Final word to Java developers everywhere who haven’t tried Scala yet: you’re missing it!!  Learn Scala.  Try a few applications.  Trust me, you won’t regret it.  Just be sure to drink plenty of fluids, I’m sure you’ll run into your share of oddball syntax corners.

Comments

  1. You are mistaken — multiple constructors are possible, but they all have to call another constructor in their first statement and by association the primary constrcutor has to be called *always* (as I remember this is because of the linearization done when using mixins similar to multiple inheritance):
    case class Person(firstName:String, lastName:String, age:Int) {
    def getFirstName() = firstName
    def getLastName() = lastName
    def getAge() = age
    def this(fullName:String) = {
    this(fullName.split(‘ ‘)(0), fullName.split(‘ ‘)(1))
    }

    def this(firstName:String, lastName:String) = this(firstName, lastName, 20)
    }

    On the point that Scala isn’t perfect — I fully agree, but I think what’s not perfect about it may be completely different for everyone. For example I am very happy with the way apply() and update(), unapply() and other magic functions work. It just requires a little different thinking, but I got used to it pretty quickly. The array design did seem very odd at first, but it’s actually very consistent with the rest of Scala.

    Erkki Lindpere Wednesday, January 2, 2008 at 3:13 am
  2. I agree with Erkki. When I looked at your array access methods that were supposed to be confusing I wasn’t sure what point you were making, because I read them straight through. That’s not to say I’m some kind of Scala master, because I’m certainly not, but I have gotten used to its collection instantiation, access, and updating methods, and I’m pretty sure they are just different and not worse than the old square brackets. They have the advantage of being something any class can implement (and so List does, etc.), more than enough to make them worthwhile.

    n8han Wednesday, January 2, 2008 at 6:24 am
  3. People differ in their opinion about the magic behind () depending on how much legacy code they had to read in their life. Those with their share of legacy code have stared at the road to madness, the others hopefully never see it.

    Peace
    -stephan


    Stephan Schmidt :: stephan@reposita.org
    Reposita Open Source – Monitor your software development
    http://www.reposita.org
    Blog at http://stephan.reposita.org – No signal. No noise.

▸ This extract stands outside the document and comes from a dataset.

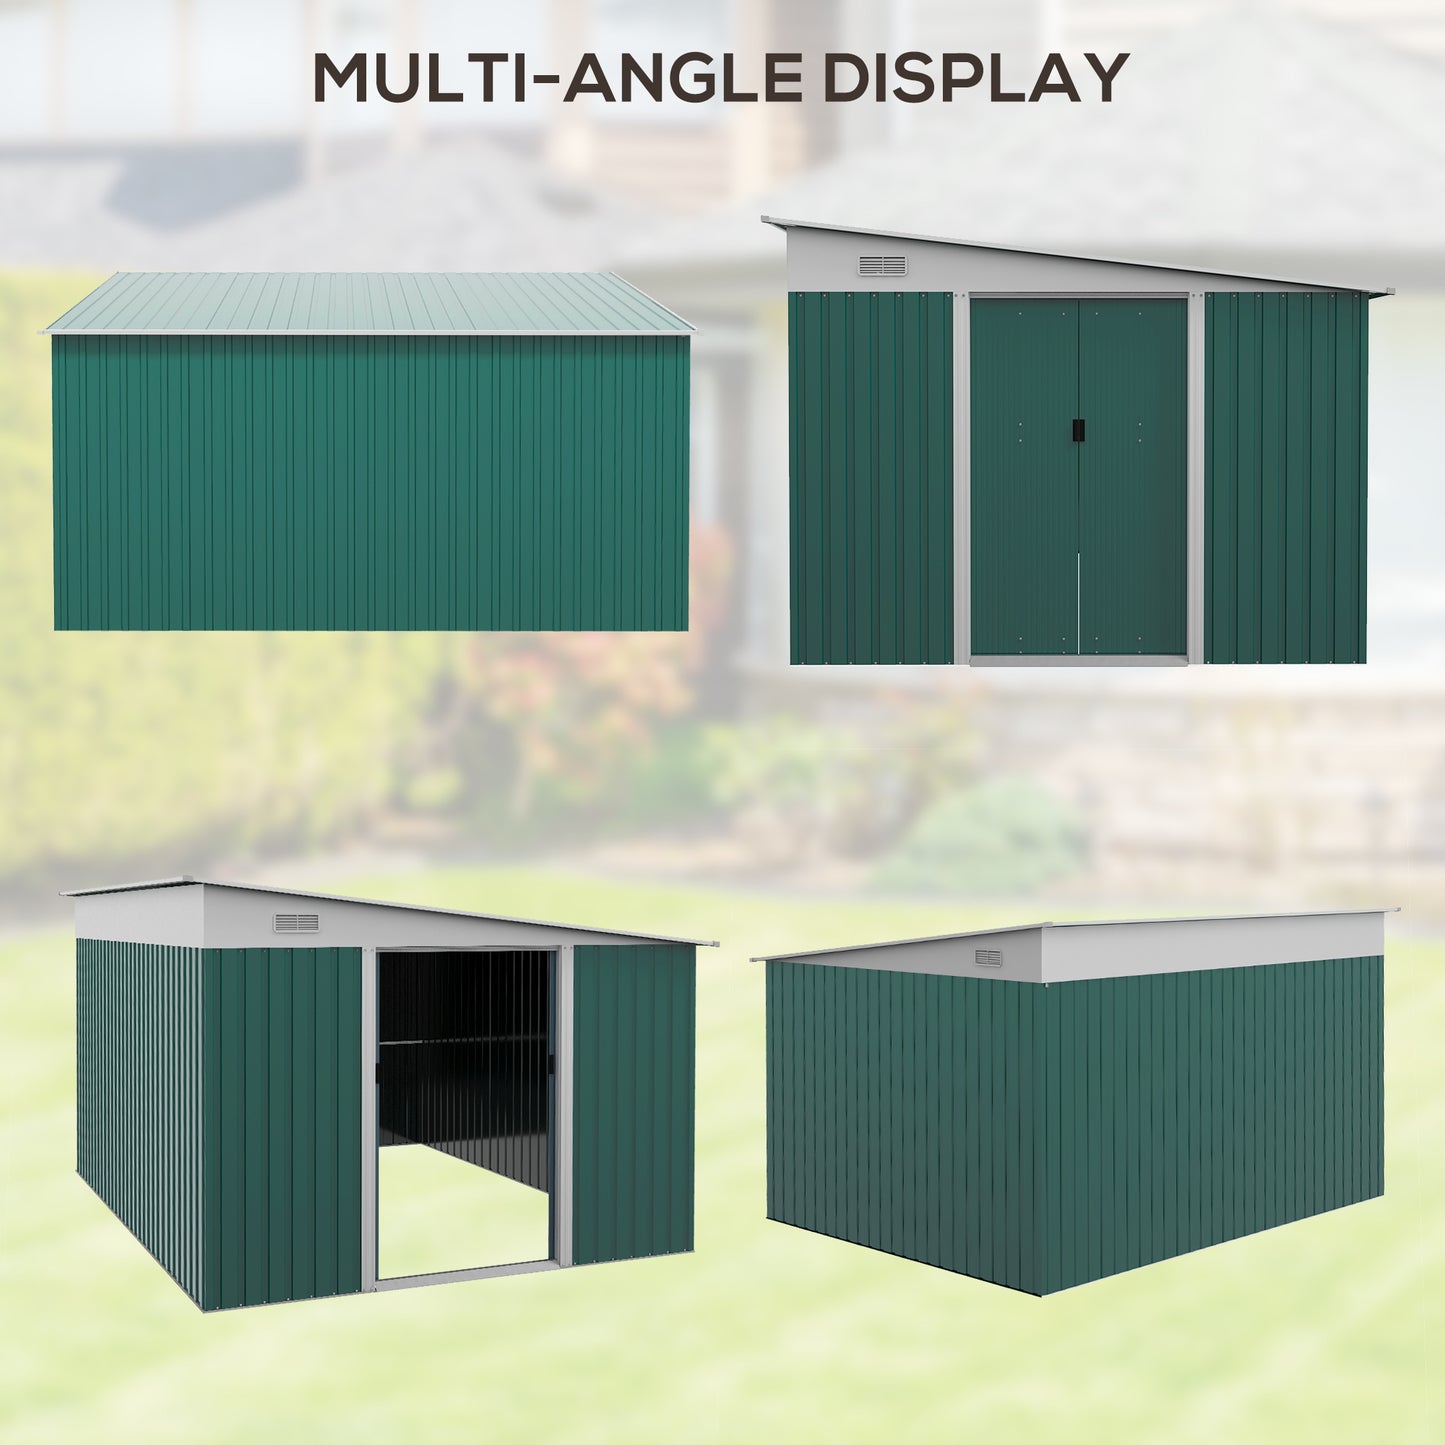 Outsunny Garden Metal Storage Shed Outdoor Metal Tool House with Double Sliding Doors and 2 Air Vents, 11.3x9.2ft, Green

    Stephan Schmidt Wednesday, January 2, 2008 at 7:32 am
  4. @Erikki
    Ah, I figured I had to be missing something, though even the “def this” syntax seems a bit…strange. I’m adding an update to the article so I don’t lead hapless hoplites astray.

    @n8han
    It is actually all quite logical, it just strikes me as very odd and dangerous. The reasoning I’ve always ascribed to behind the square brackets is its an operator that’s separate from the array parameter markers. If you start blurring the line between the two, you get odd code like this:

    def getArray() = Array(1, 2, 3, 4)
    println(getArray()(1))

    It’s not necessarily wrong, just a bit less intuitively readable.

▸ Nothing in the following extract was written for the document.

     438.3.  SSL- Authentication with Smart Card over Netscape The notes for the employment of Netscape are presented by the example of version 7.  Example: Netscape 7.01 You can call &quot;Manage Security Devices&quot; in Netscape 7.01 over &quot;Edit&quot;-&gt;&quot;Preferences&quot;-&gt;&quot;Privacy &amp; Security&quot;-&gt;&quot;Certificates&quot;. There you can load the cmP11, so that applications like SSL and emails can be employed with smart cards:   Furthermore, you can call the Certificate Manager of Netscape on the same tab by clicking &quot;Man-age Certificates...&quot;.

    Daniel Spiewak Wednesday, January 2, 2008 at 8:46 am
  5. “It’s not necessarily wrong, just a bit less intuitively readable.”

    This is only true in the context of other languages. I’ve heard similar arguments against Python’s magic len()/__len__ style constructs too, but when something permeates the language, claiming that it is “less intuitively readable” is equivalent to saying, “this doesn’t work how it would in another language I know.” In practice this sort of thing is usually only weird for people that are new to the language and trying to draw syntactic analogies as they learn.

    Adam Wednesday, January 2, 2008 at 9:17 am
  6. :-) Point taken. However, the other qualification worth considering (for syntax intuitiveness) is that the syntax is consistent with the rest of the language. Just having a construct permeate the language is not sufficient to constitute consistency, as the construct may contradict another construct or lead to visually ambiguous character sequences (such as in this case).

    Daniel Spiewak Wednesday, January 2, 2008 at 9:21 am
  7. Scala doesn’t support operator overloading, because in Scala, there are no operators. Everything is a method in scala. The dangers of supporting operator overloading doesn’t apply to Scala because it doesn’t support operator overloading.

    Isn’t it nice to have a compiler that ‘does what I mean, not what I say’? Its neat, in my opinion, that the compiler automatically maps ‘anArray(3)’ to ‘anArray.apply(3)’ , or ‘myObject.myProperty’ = 3 to ‘myObject.myProperty.=(3)’ for me (instead of me having to explicitly type these longer versions.) The compiler is guessing what I mean. cool. In his Programming in Scala book, Mike Odersky, the Scala designer, is telling me that after a while I’ll learn what the compiler will guess in different situations. I’m willing to take him at his word for the moment because it cuts down on the amount of characters I have to type.

    Regards,
    (Still a Scala newbie) John

    John Franey Wednesday, January 2, 2008 at 11:58 am
  8. Yes you’re right, Scala really supports operator overloading in the same way that Ruby does (they’re not really operators, just symbolic method names). This doesn’t alleviate the dangers of operator overloading though.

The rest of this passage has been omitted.